Signs and symptoms[edit]
Common signs and symptoms of pulmonary fibrosis include:
- Shortness of breath, especially during physical activity
- Persistent dry cough
- Fatigue
- Unexplained weight loss
- Aching joints and muscles
- Clubbing of the fingers and toes (in advanced cases)
Causes[edit]
Pulmonary fibrosis can be caused by several factors, including:
- Inflammatory lung conditions, such as pneumonia or tuberculosis
- Exposure to environmental factors, like asbestos, silica dust, or certain chemicals
- Certain medications, including chemotherapy drugs, heart medications, and some antibiotics
- Radiation therapy to the chest
- Genetic factors, which can contribute to the development of familial pulmonary fibrosis
- In some cases, the cause of pulmonary fibrosis is unknown, and the condition is referred to as idiopathic pulmonary fibrosis.
Risk factors[edit]
Risk factors for developing pulmonary fibrosis include:
- Age: The condition is more common in middle-aged and older adults
- Smoking: Current or former smokers are at higher risk
- Certain occupations: Jobs that involve exposure to dust, chemicals, or other lung irritants can increase the risk
- Family history: A family history of pulmonary fibrosis may indicate a genetic predisposition
- Previous lung infections: Having a history of lung infections may increase the risk of developing pulmonary fibrosis
Diagnosis[edit]
Diagnosing pulmonary fibrosis typically involves a combination of the following:
- Physical examination, including listening to the lungs with a stethoscope
- Imaging tests, such as chest X-ray or CT scan, to detect abnormalities in lung tissue
- Lung function tests, to assess lung capacity and oxygen levels
- Blood tests, to rule out other conditions or identify markers associated with pulmonary fibrosis
- Lung biopsy, to obtain a tissue sample for analysis (in some cases)
Treatment[edit]
There is no cure for pulmonary fibrosis, and treatment focuses on managing symptoms, slowing disease progression, and improving quality of life.

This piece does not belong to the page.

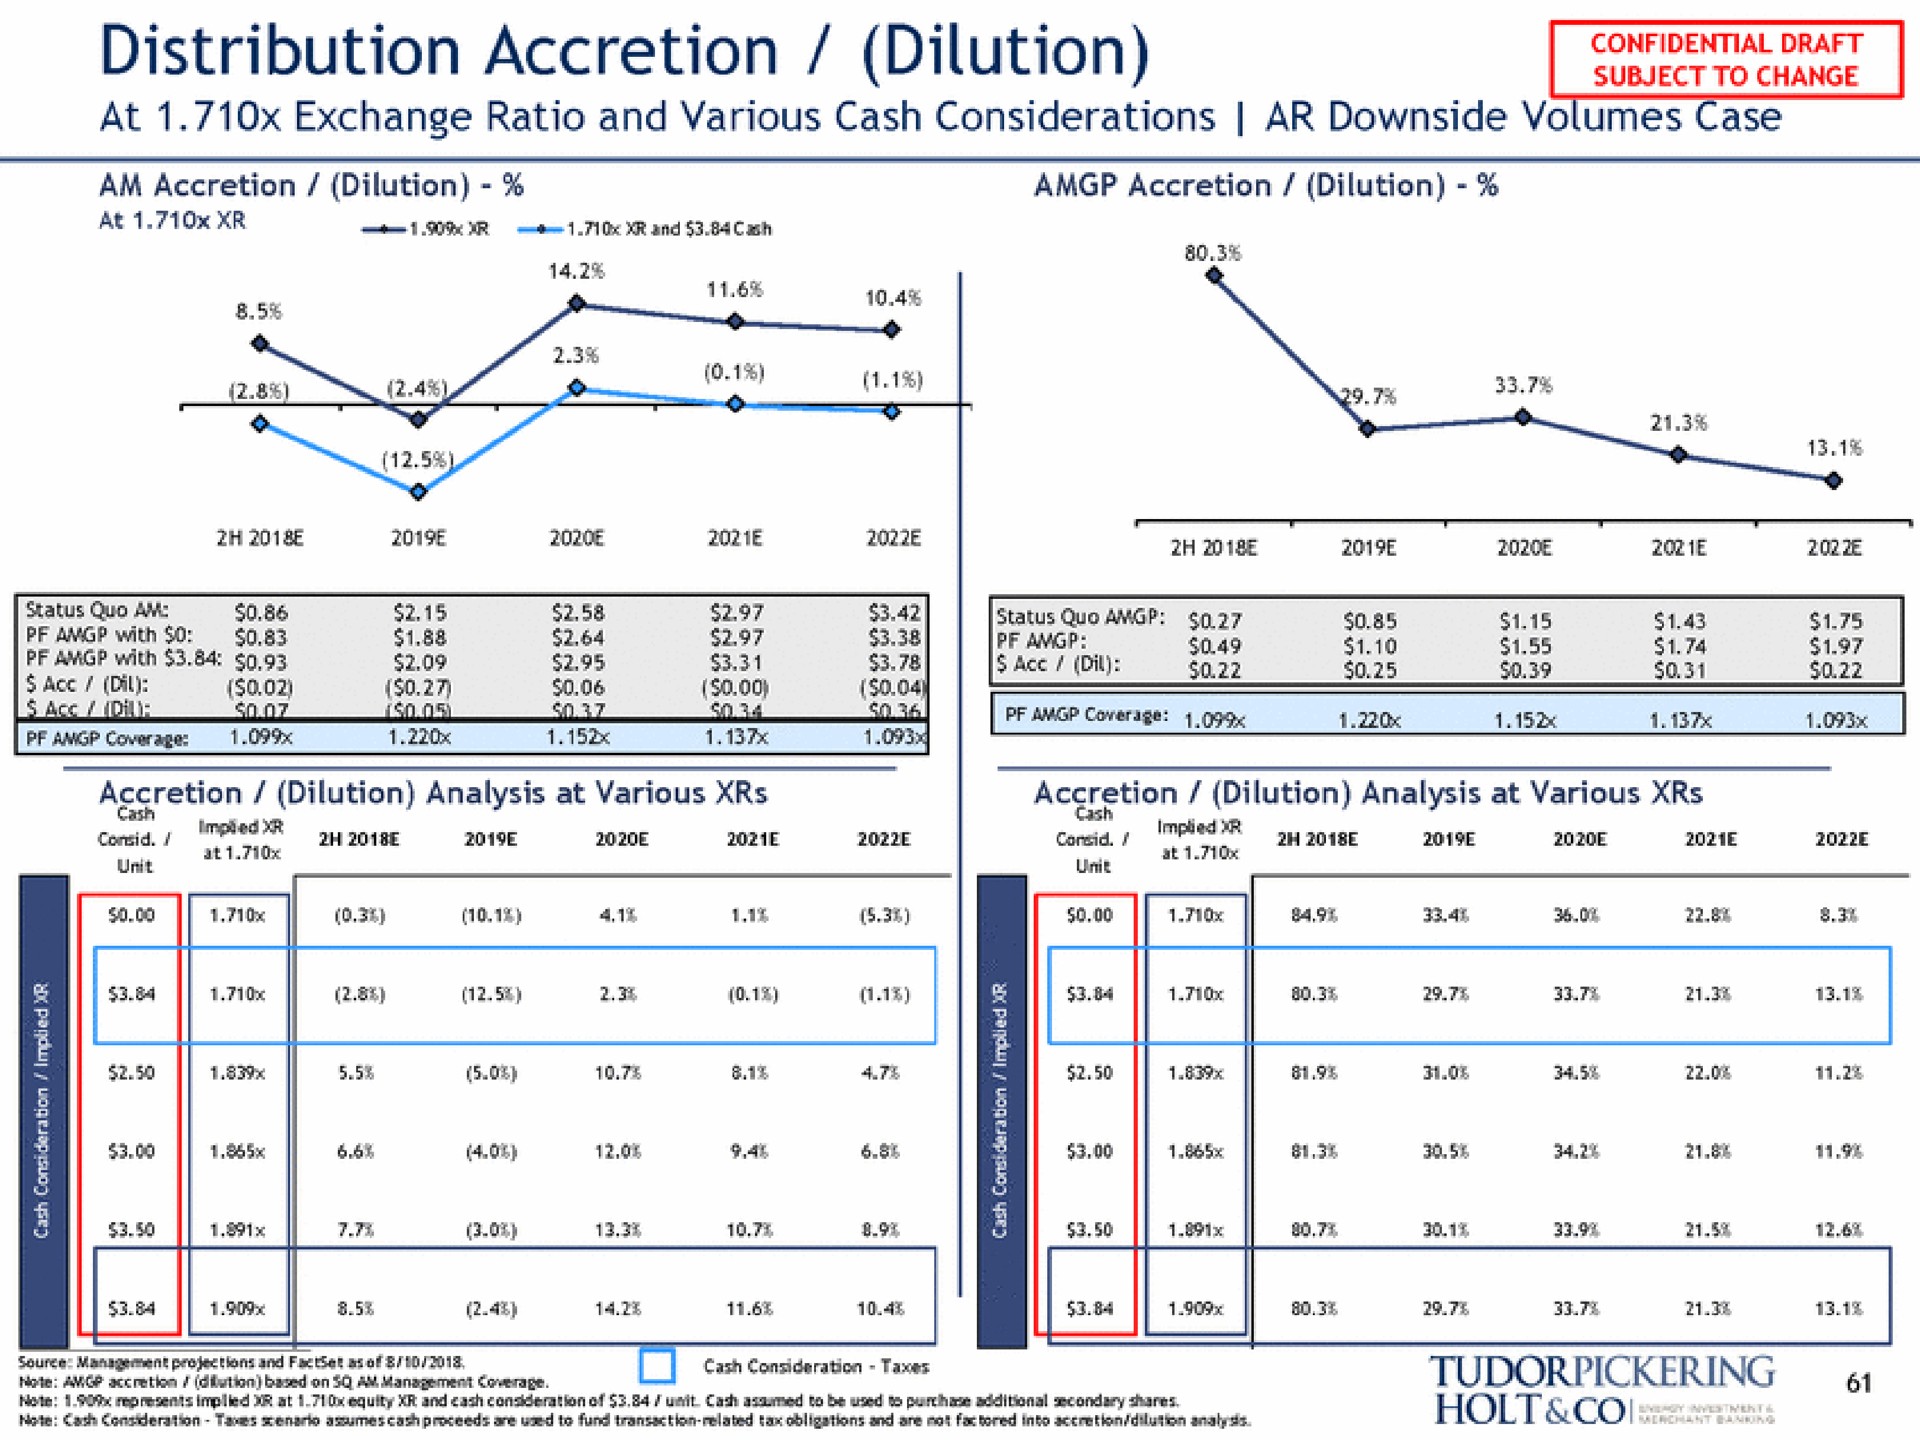 distribution accretion dilution at exchange ratio and various cash considerations downside volumes case | Tudor, Pickering, Holt & Co

Treatment options may include: Antifibrotic drugs, such as pirfenidone and nintedanib, which may help slow the progression of the disease
- Corticosteroids, which can help reduce inflammation in the lungs
- Immunosuppressant drugs, such as azathioprine or mycophenolate, to help reduce inflammation and slow the progression of fibrosis
- Pulmonary rehabilitation, including exercise, breathing techniques, and nutritional counseling, to help manage symptoms and improve daily functioning
- Oxygen therapy, to increase oxygen levels in the blood and alleviate shortness of breath
- Lung transplant, which may be considered for patients with severe pulmonary fibrosis who do not respond to other treatments
Prognosis[edit]
The prognosis for individuals with pulmonary fibrosis varies depending on the severity of the condition, the rate of progression, and the individual's overall health. Some people may experience a gradual decline in lung function over many years, while others may experience rapid progression and severe respiratory complications. Early diagnosis and appropriate treatment can help improve the quality of life and potentially slow the progression of the disease.